Discute-se se os pacientes com DM devem ser rastreados para a hemocromatose, uma

vez que alguns estudos mostram que a incidência de HH é maior em diabéticos; esta questão está longe de ser um consenso, mas em diabetes de evolução não habitual a HH deve ser investigada. Hipogonadismo: HH é caracterizada pela deposição de ferro em excesso em células da pituitária, em especial na hipófise anterior, levando a uma redução das concetrações séricas de hormônios tróficos. Hipogonadismo hipogonadotrófico é a anormalidade mais comum, causando diminuição da libido e impotência nos homens.
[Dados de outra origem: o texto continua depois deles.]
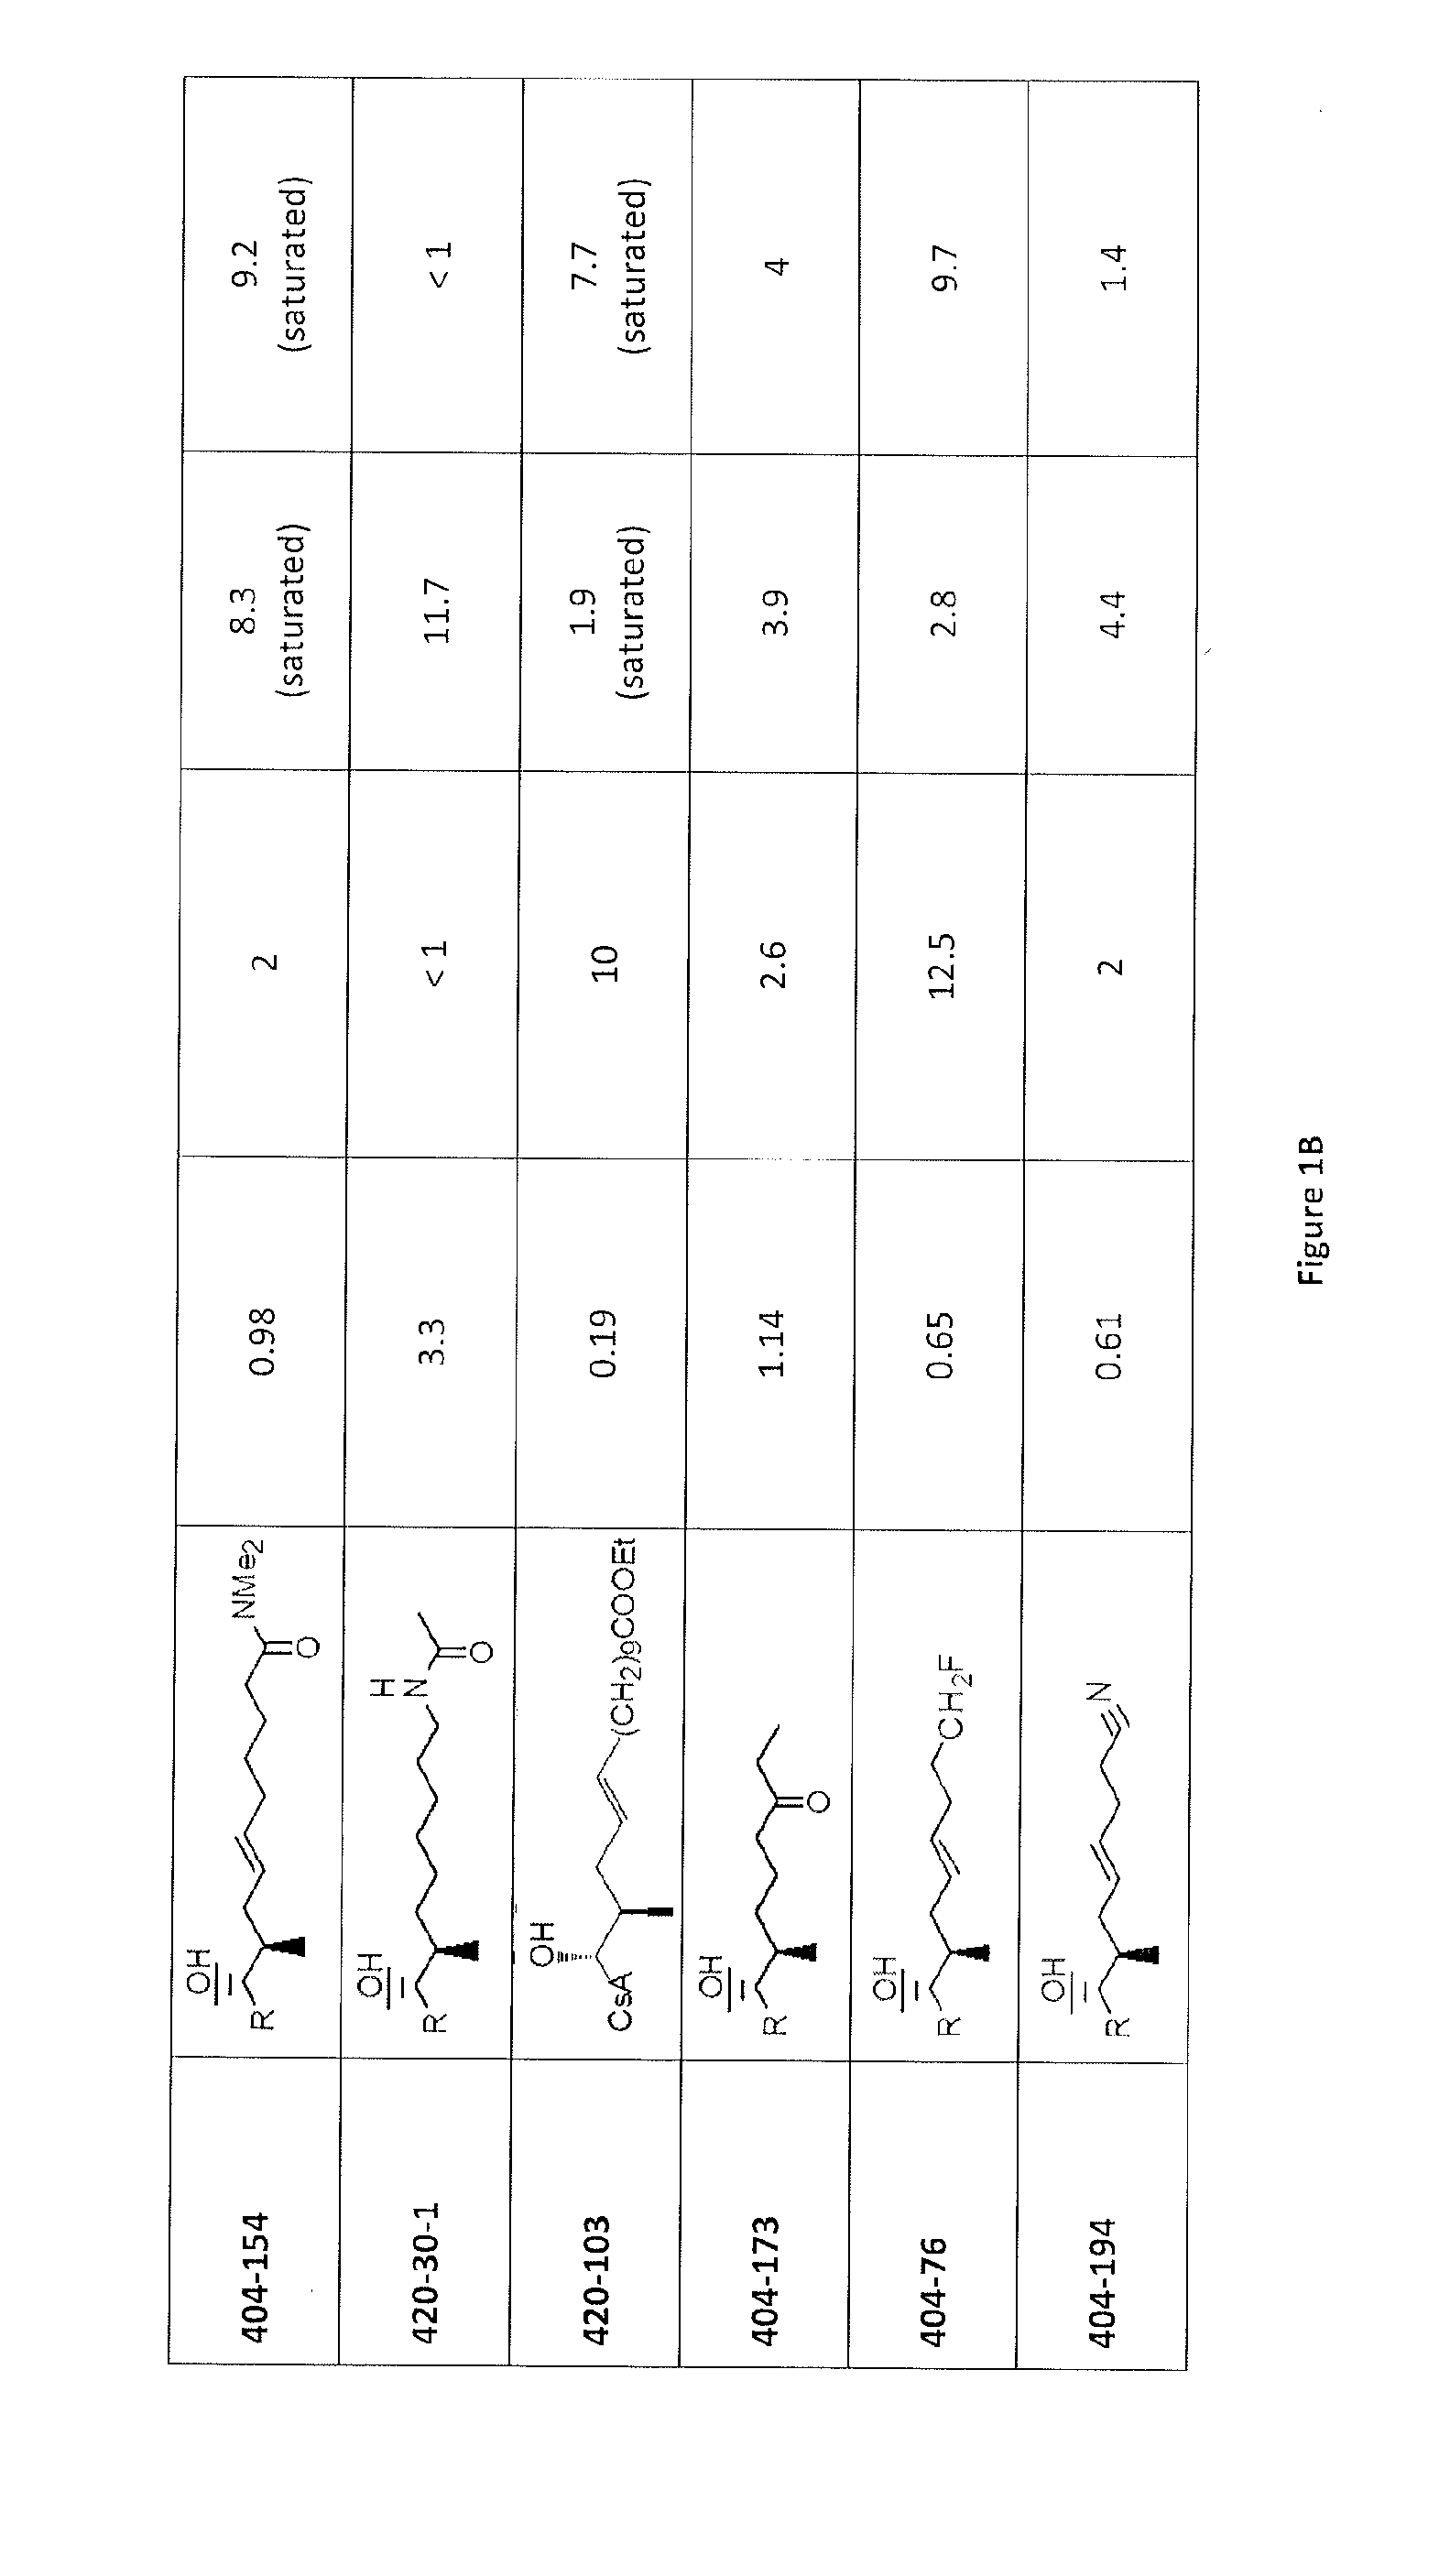 Cyclosporine analogue molecules modified at amino acid 1 and 3

HH pode levar a uma cardiomiopatia dilatada, caracterizada pelo desenvolvimento de insuficiência cardíaca e distúrbios de condução, tais como a arritmia sinusal devido à deposição de excesso de ferro no miocárdio. O envolvimento cardíaco na hemocromatose pode ser diagnosticado com base na história, exame clínico, exames laboratoriais e de imagens não invasivas. O tratamento com flebotomia ou a terapia de quelação tem sido associado com a reversão da disfunção ventricular esquerda. No entanto, a disfunção miocárdica irreversível pode ocorrer em indivíduos com doença avançada. Artropatia - HH pode ser associada com um artropatia que exibe o espectro de doença de depósito de cristais de pirofosfato de cálcio (isto é, pseudogota, condrocalcinose e artropatia crônica). Em contraste com outras manifestações de HH, os sintomas de artropatia em geral não respondem a flebotomia com remoção de ferro.

Hemocromatose: Frequência de alterações relacionadas à sobrecarga de ferro (%)

Alterações da função hepática

75

Fraqueza e letargia

74

Hiperpigmentação da pele

70

Diabetes mellitus

48

Artralgia

44

Impotência em homens

45

Alterações eletrocardiográficas

31

Conclusão: Hemocromatose hereditária (HH) é uma doença hereditária em que mutações

nos genes em especial os do gene HFE fazem com que a absorção de ferro intestinal aumente, com sobrecarga de ferro resultante e dano tecidual. As principais manifestações clínicas de acúmulo de ferro na HH avançada incluem a doença hepática, pigmentação da pele, diabetes mellitus, artropatia, impotência em homens, e hipertrofia cardíaca com ou sem insuficiência cardíaca ou defeitos de condução.


O diagnóstico é feito por verificação de ferro sérico ou níveis de ferritina ou por rastreamento a partir de historia familiar de HH. Na grande maioria de seus portadores não há sintomas, mas há em menor número os que têm cirrose, diabetes, ou hiperpigmentação da pele.